With version 19.8, the first run through of steps 2-9 works as expected.
On the second run through, the disconnected node behaves differently:
On the second run through with v19.8, the second ping failure(step 5)
doesn't get logged. Instead, the following log message starts repeating:
[2012-07-24 11:55:00,270][WARN ][cluster.service ] [node3] failed
to reconnect to node
[node2][aPugNxMpTvCUDvjNfYKFjA][inet[/192.168.7.132:9301]]
org.elasticsearch.transport.ConnectTransportException:
[node2][inet[/192.168.7.132:9301]] connect_timeout[30s]
at
org.elasticsearch.transport.netty.NettyTransport.connectToChannels(NettyTransport.java:563)
at
org.elasticsearch.transport.netty.NettyTransport.connectToNode(NettyTransport.java:505)
at
org.elasticsearch.transport.netty.NettyTransport.connectToNode(NettyTransport.java:483)
at
org.elasticsearch.transport.TransportService.connectToNode(TransportService.java:128)
at
org.elasticsearch.cluster.service.InternalClusterService$ReconnectToNodes.run(InternalClusterService.java:377)
at
java.util.concurrent.ThreadPoolExecutor$Worker.runTask(ThreadPoolExecutor.java:886)
at
java.util.concurrent.ThreadPoolExecutor$Worker.run(ThreadPoolExecutor.java:908)
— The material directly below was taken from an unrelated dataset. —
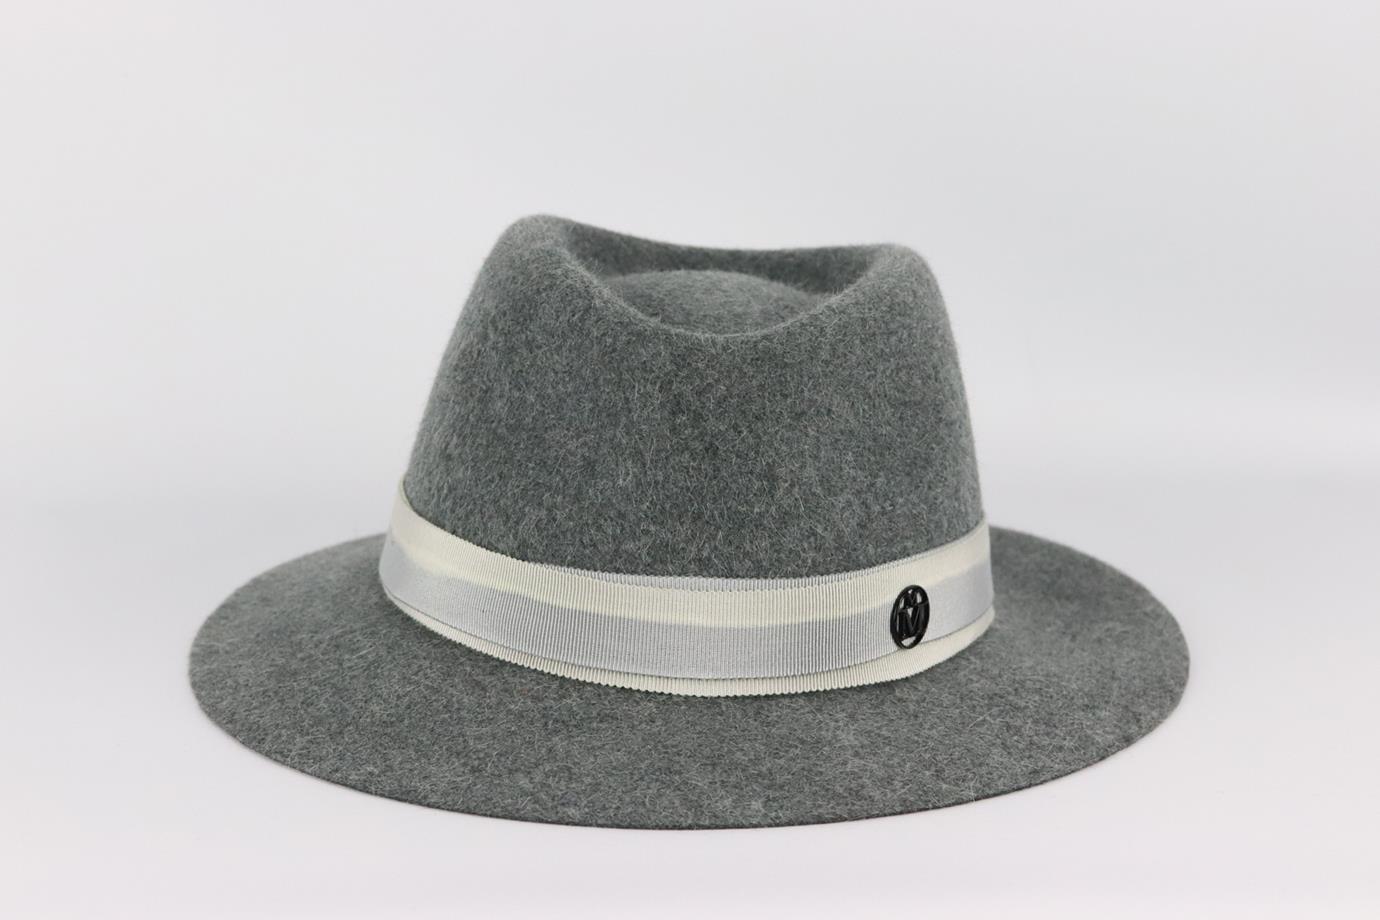 Maison Michel grosgrain trimmed wool felt fedora. Grey and black. Pull on. 100% Wool; trim: 56% cotton, 44% viscose. Does not come with dustbag or box. Size: Medium. Circumference: 23.6 in. Brim Width: 2.25 in. Very good condition - No sign of wear;

at java.lang.Thread.run(Thread.java:680)
Caused by: java.net.NoRouteToHostException: No route to host
at sun.nio.ch.Net.connect(Native Method)
at sun.nio.ch.SocketChannelImpl.connect(SocketChannelImpl.java:532)
at
org.elasticsearch.common.netty.channel.socket.nio.NioClientSocketPipelineSink.connect(NioClientSocketPipelineSink.java:139)
at
org.elasticsearch.common.netty.channel.socket.nio.NioClientSocketPipelineSink.eventSunk(NioClientSocketPipelineSink.java:102)
at
org.elasticsearch.common.netty.channel.DefaultChannelPipeline.sendDownstream(DefaultChannelPipeline.java:573)
at
org.elasticsearch.common.netty.channel.Channels.connect(Channels.java:642)
at
org.elasticsearch.common.netty.channel.AbstractChannel.connect(AbstractChannel.java:205)
at
org.elasticsearch.common.netty.bootstrap.ClientBootstrap.connect(ClientBootstrap.java:230)
at
org.elasticsearch.common.netty.bootstrap.ClientBootstrap.connect(ClientBootstrap.java:183)
at
org.elasticsearch.transport.netty.NettyTransport.connectToChannels(NettyTransport.java:550)
... 7 more
The node then elects itself as master, still reports itself as connected to
one of the other nodes. Upon reconnecting the network, we have a split
brain, where node3(master) thinks it's connected to node2. node1(master)
and node2 are connected and both don't know anything about node3 (nor do
they log anything about node3 upon re-connection).
It's a long shot, but could the netty upgrade in 19.8:
Have caused this error?
We could try to detect when a network error has occurred and reboot the
nodes, but this feels like a step back as pre- 19.8 we were resilient to
multiple network disconnects without rebooting.
Warm Regards,
Owen Butler